Origins of the word 'flamenco'

Another of the aspects that makes this art a true mystery radicates in defining the exact origins of the term 'flamenco'. There are multiple theories about the genesis of this word, although perhaps the widest is that defended by Blas Infante in his book "Orígenes de lo flamenco". According to the father of the autonomy of the region of Andalucia, the word "flamenco" was derived from the Arabic term "Felah-Mengus", which together mean "wandering country person".

A curious theory which ended up having a lot of followers, was that which affirmed that flamenco was the name of a knife. Not in vain, in the 'sainete' "El Soldado Fanfarrón", written by González del Castillo in the XVIII century, it can be read: "The soldier, who took out for my husband, a flamenco". In another 'copla' collected by Rodríguez Marín says: "if they smoke my fish/ and unsheathed the flamenco/ with forty stabs they would finish the story" However, this hypotheses has not managed to transcend, as in its day neither did that which declared that the name was owed to the bird called flamenco. The authority on this subject is also Rodríguez Marín, who justified the idea argumenting that the singers performed dressed in a short jacket were tall and had uneven waists, and looked like the wading bird of the same name.Sainetes Juan Gonzalez del Castillo

Like the previous theory, it is also corroborates the theory led by experts such as Hipólito Rossy or Carlos Almendro, in which it can be affirmed that the word flamenco is due to the polyphonic music in Spain during the XVI century which grew in the Netherlands, that is to say, with the old Flanders. This theory was also defended, although with certain subtle differences, by the romantic traveller George Borrow and by Hugo Schuchard, amongst others. According to these writers, in the past it was believed that gypsies were of Germanic origins, which explains why they would be called flamencos.
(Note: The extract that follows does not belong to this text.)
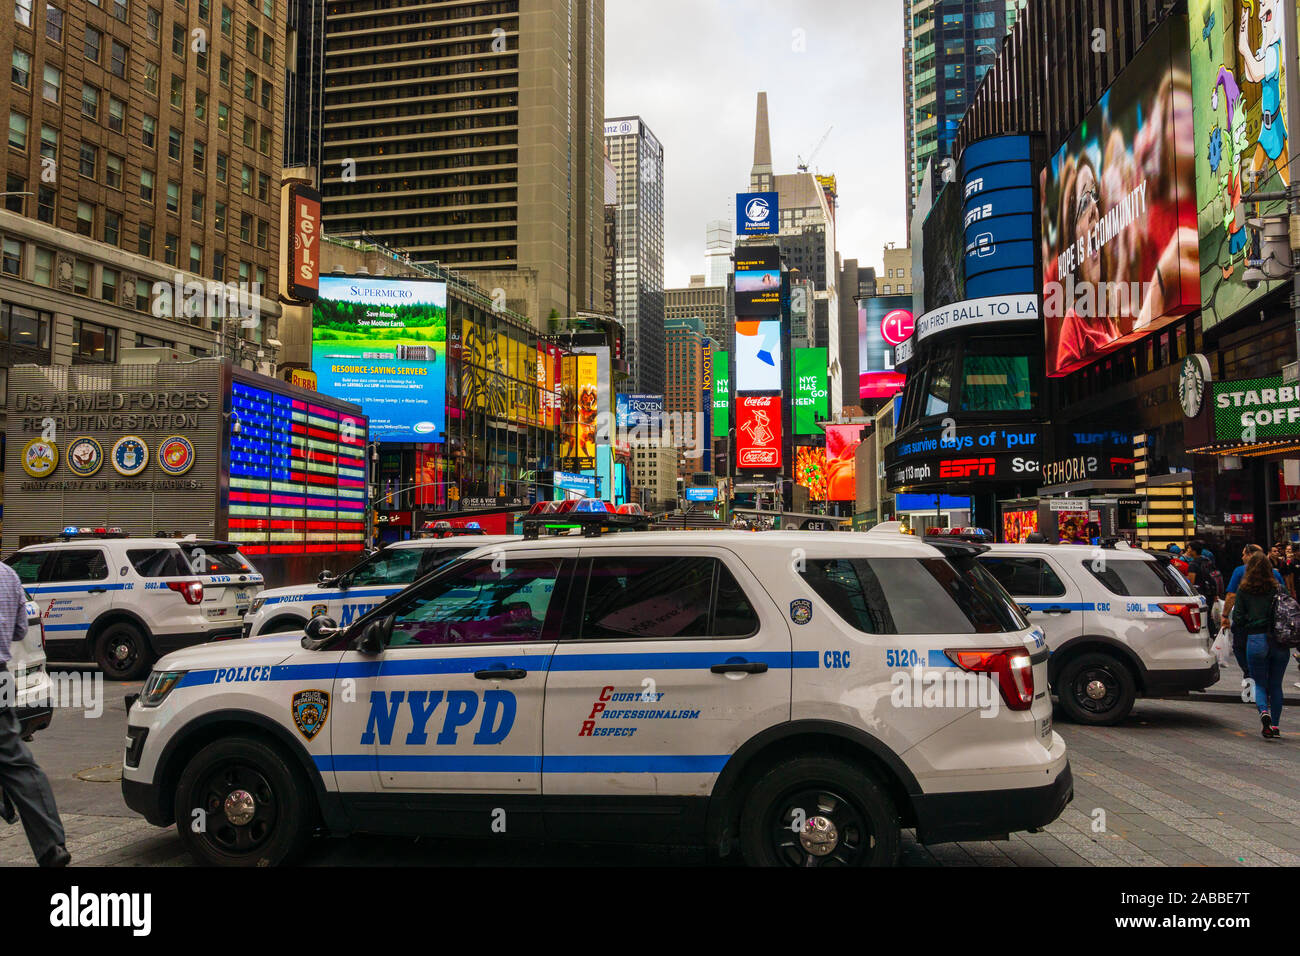 New York, USA - aug 20, 2018: New York City Police Department car in Time Square, New York City Stock Photo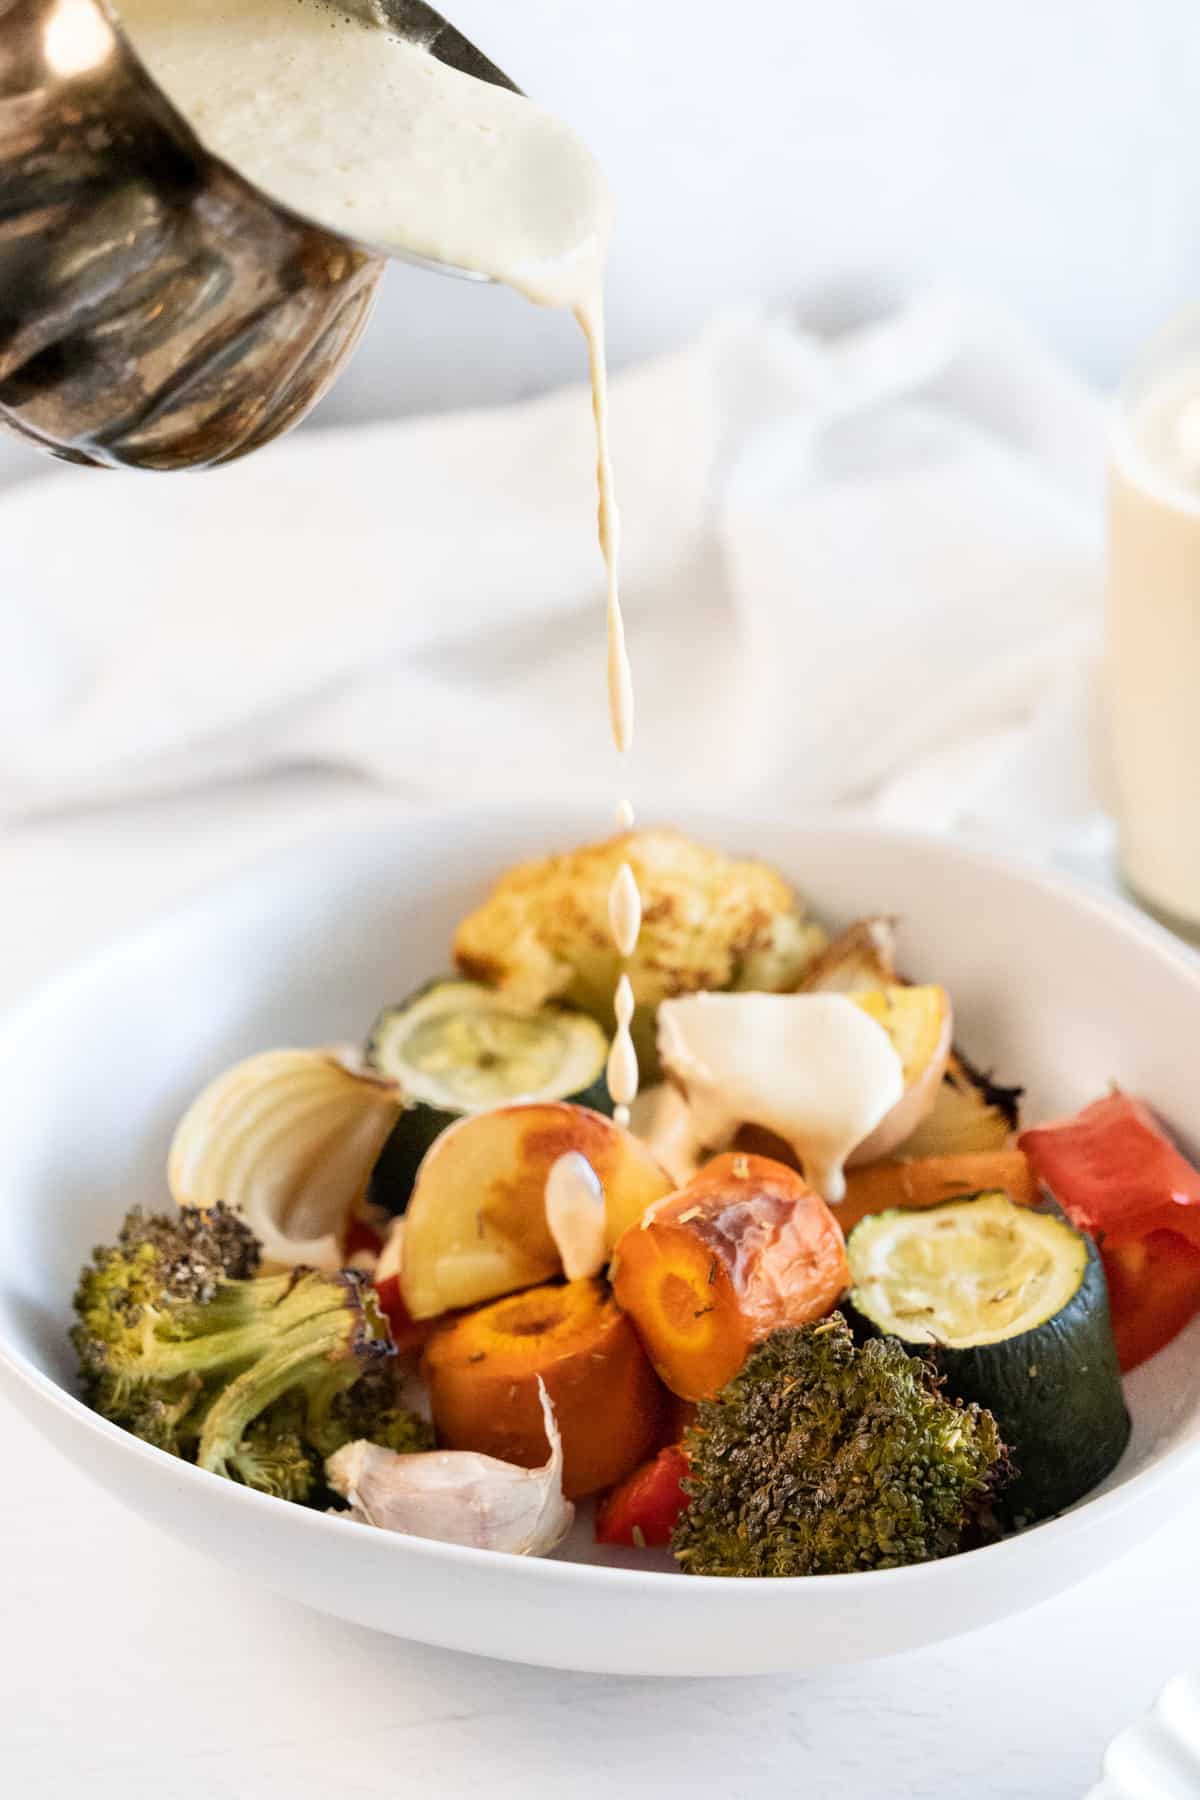 a whiteish sauce being poured over roasted vegetables

Finally there are two other less compromising hypothesis, but quite interesting. Antonio Machado and Álvarez, Demófilo, said that "gypsies call people from Andalucia 'gauchós' and they call gypsies 'flamencos'", without us having any idea for the reasoning behind this denomination. Manuel García Matos affirms: "Flamenco comes from the slang used at the end of the XVIII century and beginning of the XIX to catalogue all that means: ostentatious, pretentious or flashy or, as we could determine in a generically Andalucían form, "echao p'alante" (forward).